Head and neck cancer is mostly of squamous cell origin (squamous cell carcinoma of the head and neck; SCCHN) and is the 10th most common type of cancer, with >630,000 cases diagnosed annually (1). Over 350,000 deaths from head and neck cancer were estimated to have occurred in 2008 worldwide (2). The frequency, incidence rates and locations of SCCHN vary widely among countries and continents (24).

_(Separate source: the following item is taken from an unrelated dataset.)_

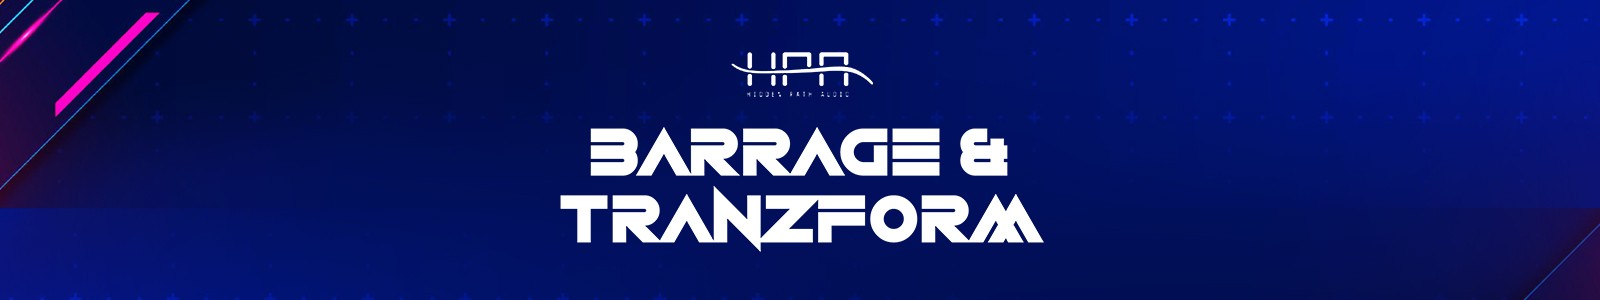 BARRAGE & TRANZFORM by HIDDEN PATH AUDIO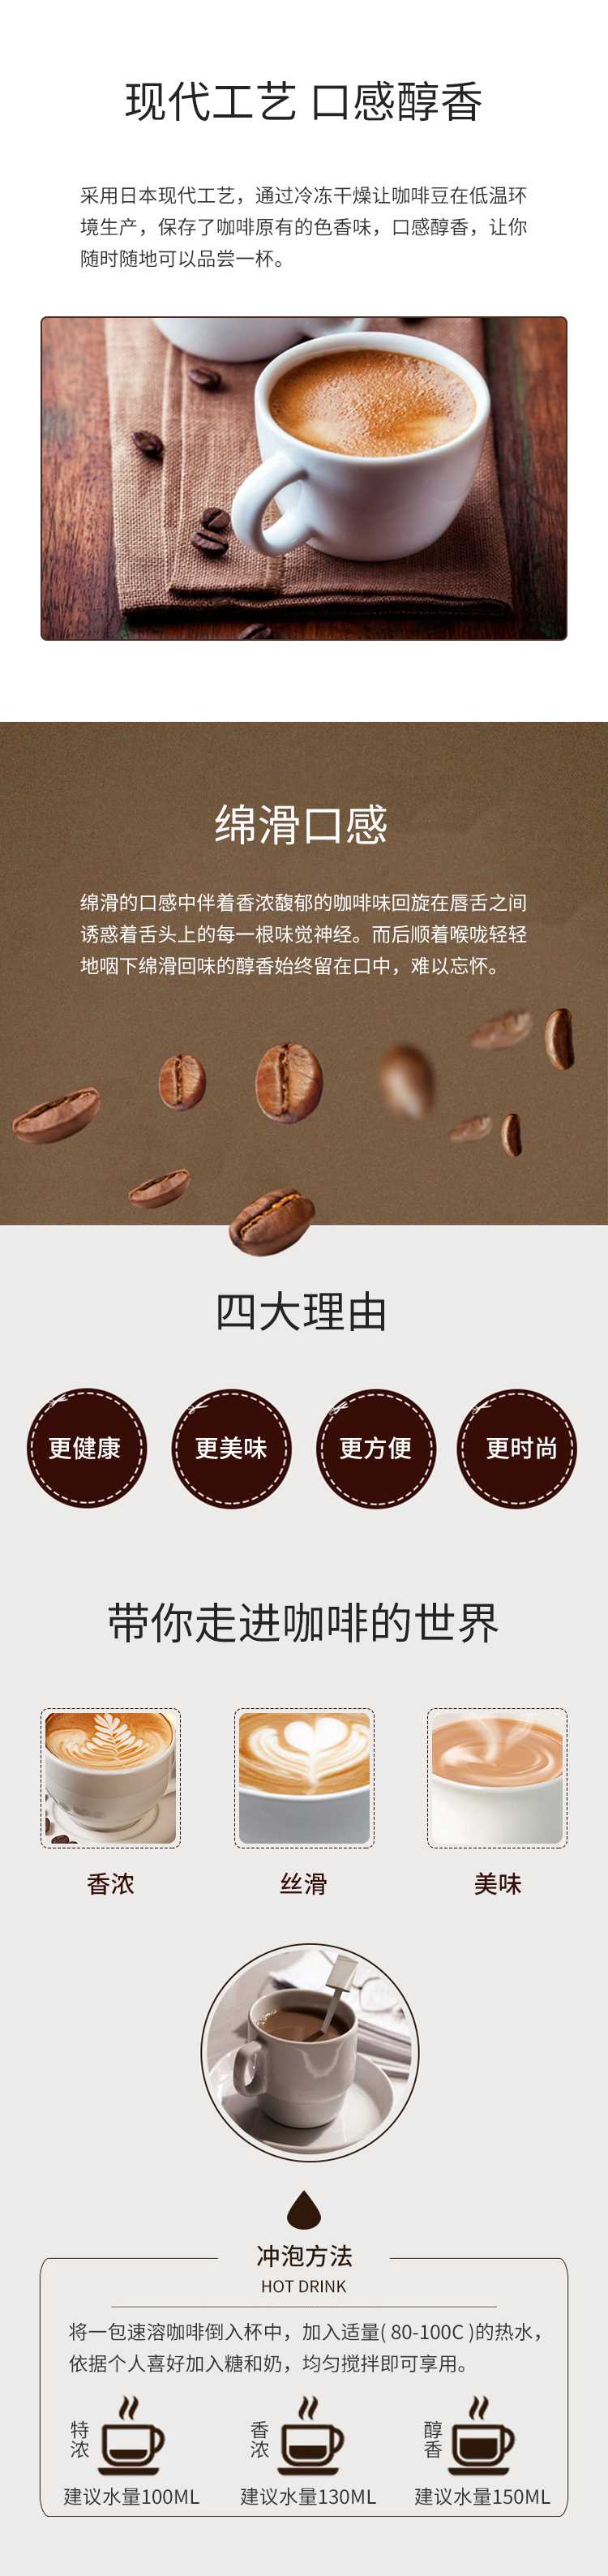 AGF-CAFE-LATORY棒状浓郁榛子拿铁咖啡7包入_02.jpg

Following the introduction of the TAX 323 and 324 studies, induction chemotherapy drew significant scientific and clinical interest, leading to further investigations (3,5,6). The use of docetaxel in the treatment regimen was evaluated in those studies. Docetaxel promotes tubulin polymerization and affects the formation of stable microtubules, which leads to cell death (7). Recent results from multicenter studies and a current meta-analysis demonstrated that the combination of docetaxel with 5-fluorouracil (5-FU) and cisplatin (TPF regimen) is more efficacious compared with the classic regimen of cisplatin plus 5-FU (PF regimen) as induction chemotherapy for advanced head and neck cancer (8). The TPF regimen achieved longer progression-free survival, better locoregional control and higher response rates (9,10). An explanation for this advantage may be a better control of local and metastatic disease. Another aspect is the possibility of functional organ preservation when primary radiochemotherapy is used. Such approaches appear to be promising and are likely to improve the quality of life (QoL) of the patients, provided that survival is comparable to that with classic treatments and the side effects are manageable. Thus far, only a limited number of studies have investigated the effect of the organ-preserving TPF regimen on the QoL of SCCHN patients.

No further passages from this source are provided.